Правда, накануне, выпив побольше, он дома бузил и даже набросал какой-то проект: «Обвинения, предъявленные подсудимому, материалами дела не подтверждаются. Как прокурор я вношу протест, а как коммунист выхожу из…» Плакал, бил себя в грудь: «Сволочью больше не буду…» Клялся положить билет, «как Ванька Голубев». Утром, однако, встал в другом настроении, написанное вечером сжег, почистил костюм, ботинки и отправился выполнять свой солдатский долг.
Во время утреннего заседания, перечитывая свою речь, думал: «Что же, если не я, так другой. Ему все равно крышка, так неужели ж и мне вместе с ним?» Время от времени поглядывал на Чонкина, и пару раз даже взгляды их встретились. Подсудимый, ему показалось, смотрит на него с надеждой, это Евпраксеину не понравилось. «Не надейся и не жди, – мысленно ответил он Чонкину на его взгляд. – Сам собрался тонуть и тони, а других втягивать нечего. Тебе, может быть, твоя жизнь копейка, а у меня семья, дети, я их сиротами оставлять не собираюсь, в конце концов, я героем быть не обязан. Я не сам. Мне приказали, я исполняю. И вообще я не знаю, кто ты на самом деле. Если не князь, то не надо было все, что подсунут, подписывать. А раз подписал, раз признался, что князь, то нечего из себя дурака строить, держи ответ с достоинством».

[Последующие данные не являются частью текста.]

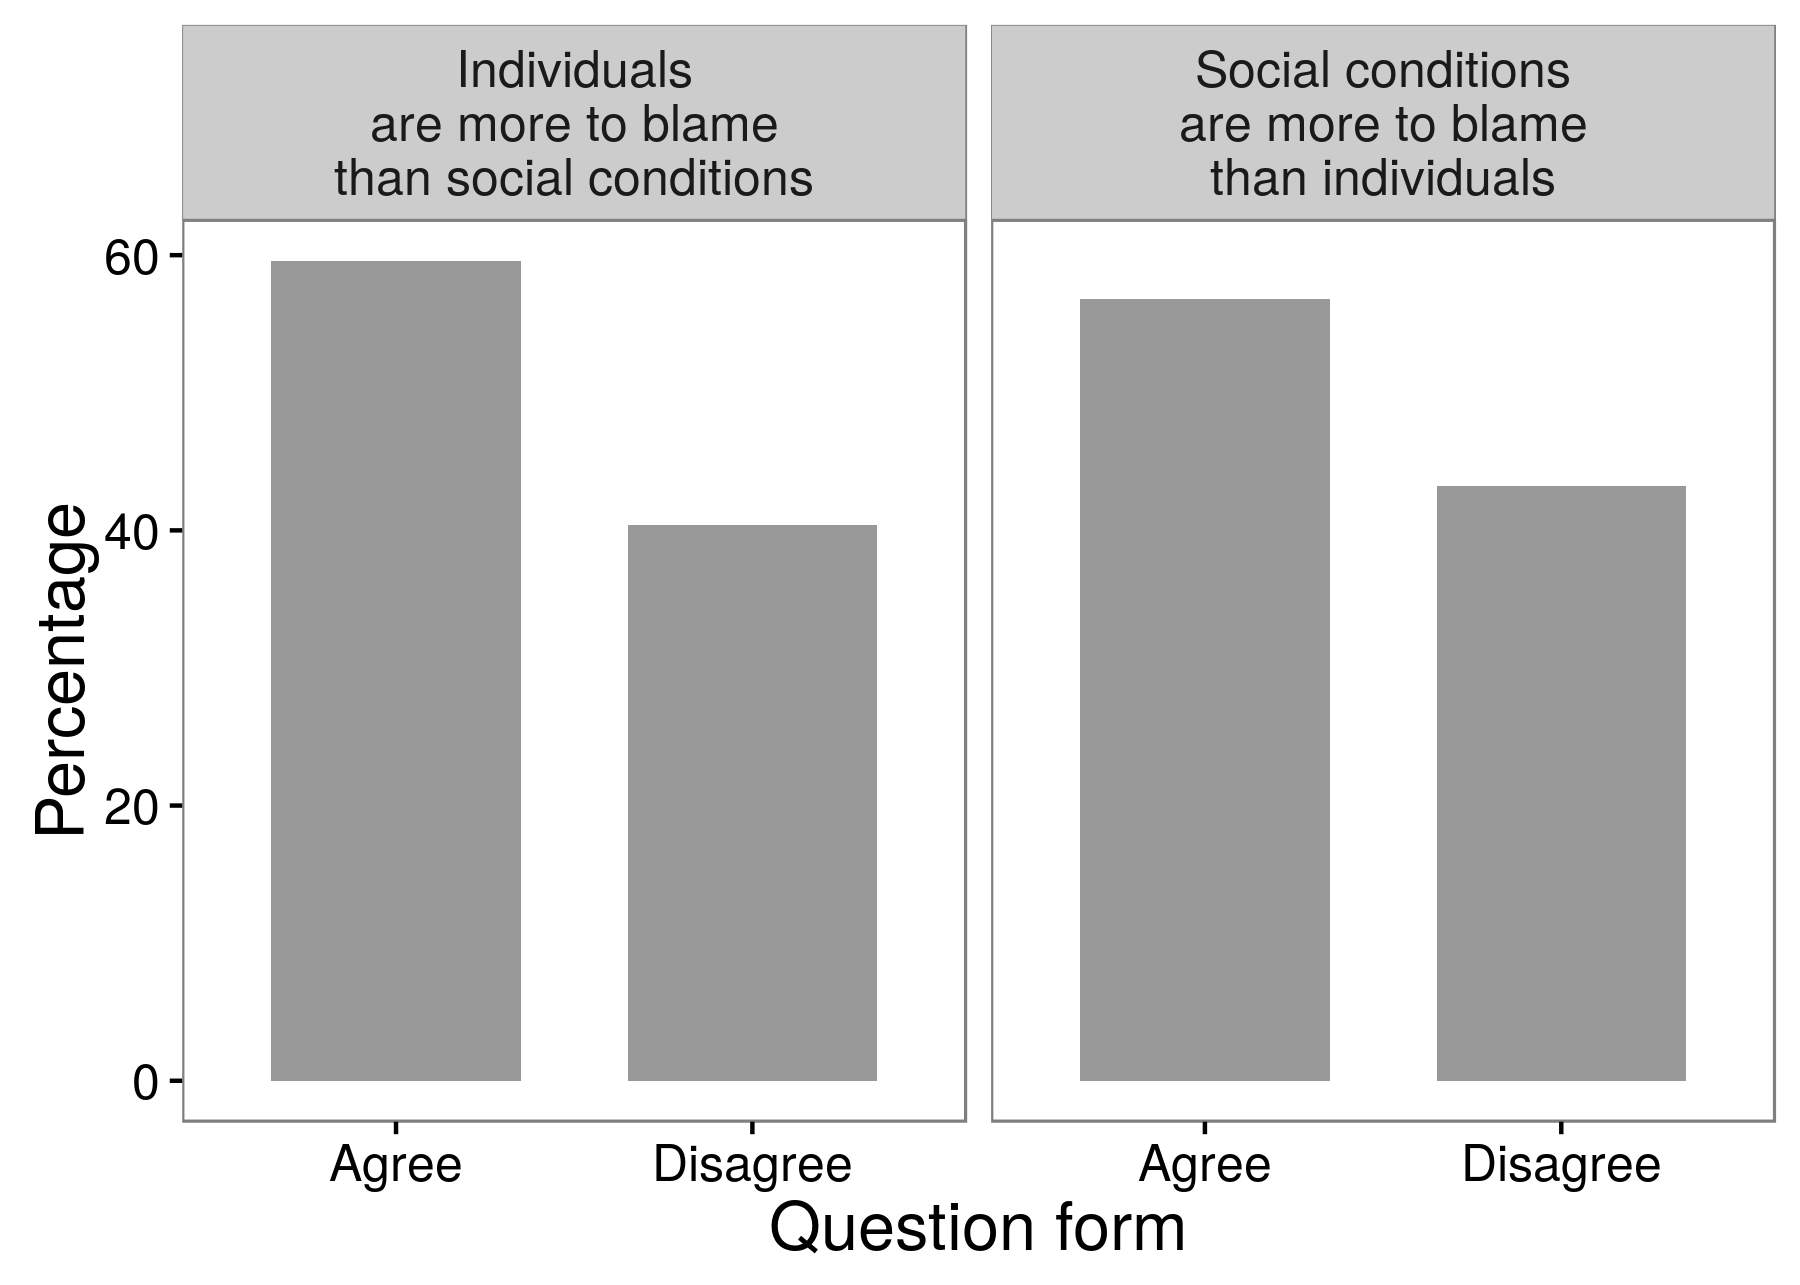 Obrázek 3.3: Výsledky výzkumného šetření ukazují, že výzkumníci mohou získat různé odpovědi v závislosti na tom, jak přesně kladli otázku. Většina respondentů se shodla na tom, že jednotlivci mají víc víc než sociální podmínky pro trestnou činnost a bezpráví. A většina respondentů souhlasila s opakem: že sociální podmínky jsou zodpovědnější než jednotlivci. Přizpůsobeno od Schuman a Presser (1996), tabulka 8.1.

Чонкин чем дальше, тем больше раздражал его своим видом и нахальным своим поведением. Но все же после роковой фразы: «Слово предоставляется государственному обвинителю», когда прокурор поднялся и, затягивая время, стал раскладывать перед собою бумажки, он почувствовал, что у него дрожат руки, дрожат колени и во рту появился неприятный привкус, как это в последнее время бывало с ним всякий раз, когда он делал что-то, чему его совесть противилась: «нельзя», а начальство толкало, «надо». И теперь та часть его мозга, которой управлял страх перед начальством, посылала его организму одни приказы, а другая часть, руководимая совестью, посылала приказы другие, и то ли клетки, то ли нуклеиновые кислоты, то ли чего-то там еще, не зная, чему подчиняться, сшибались друг с другом, вызывая ненормальное биение сердца, дрожание членов и отвратительный привкус во рту.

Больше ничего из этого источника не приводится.